Alors que Cuba navigue en eaux troubles au milieu d'une crise énergétique aiguë depuis le début de l'année, sa propre production pétrolière ne parvient qu'à couvrir un tiers de sa demande en carburant. Dans cette épreuve, l'île dépend du soutien énergétique russe pour ne pas sombrer. Plus récemment, Cuba a entrepris de puiser dans les ressources pétrolières mexicaines pour alléger son fardeau. Cependant, une observation intéressante émane des experts en économie : ce pétrole remplace en quelque sorte les revenus que le pays aurait pu obtenir en échange des services de ses médecins travaillant au Mexique. Cette décision de puiser dans les réserves pétrolières renvoie au besoin croissant de professionnels de la santé, alors que les statistiques font état de la présence de pas moins de 70 000 médecins à Cuba, une disproportion frappante par rapport à la taille de la population.
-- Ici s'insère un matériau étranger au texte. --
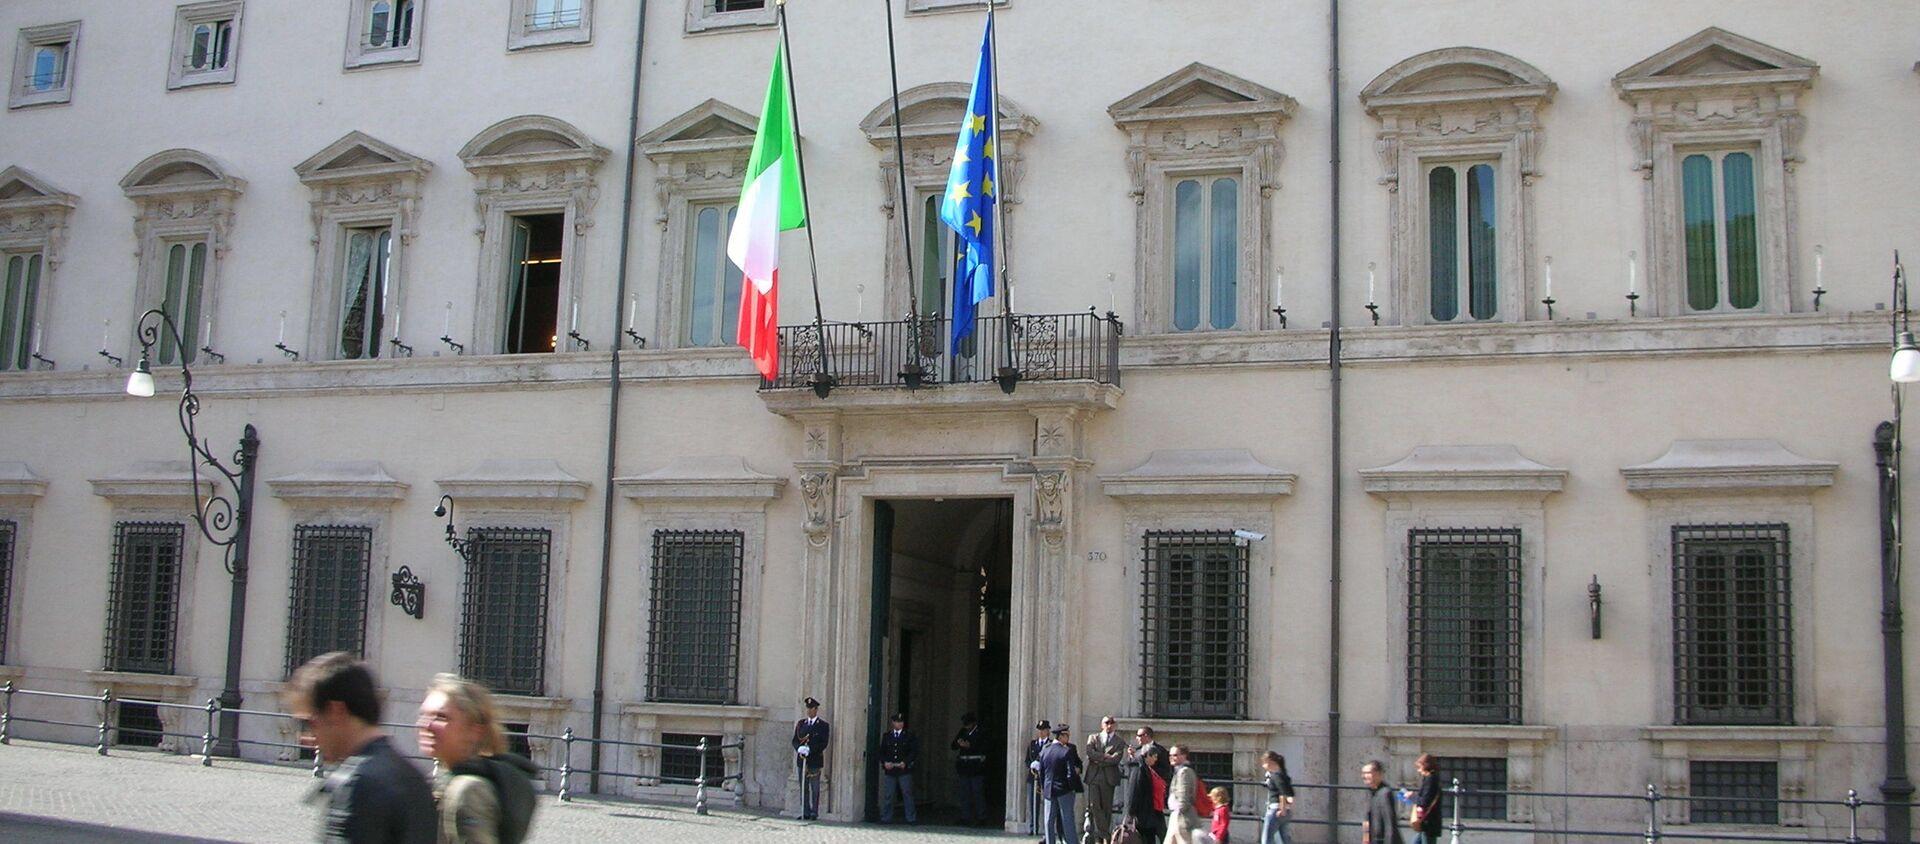 Il Palazzo Chigi - Sputnik Italia, 1920, 22.04.2021

Dans ce contexte, le mode opératoire des États-Unis vis-à-vis de Cuba reste enveloppé d'incertitudes. Si Washington dispose d'un arsenal de leviers pour manœuvrer la situation, incluant des mesures d'assouplissement, la levée de sanctions et des ouvertures à la coopération économique, la stratégie précise demeure difficile à discerner. Dans la foulée des initiatives de l'ancien président Barack Obama en 2014, l'administration de Joe Biden a œuvré l'année passée pour améliorer les relations avec La Havane. Cela s'est traduit par des pourparlers au niveau gouvernemental de second rang et des propositions de levée partielle des contraintes économiques.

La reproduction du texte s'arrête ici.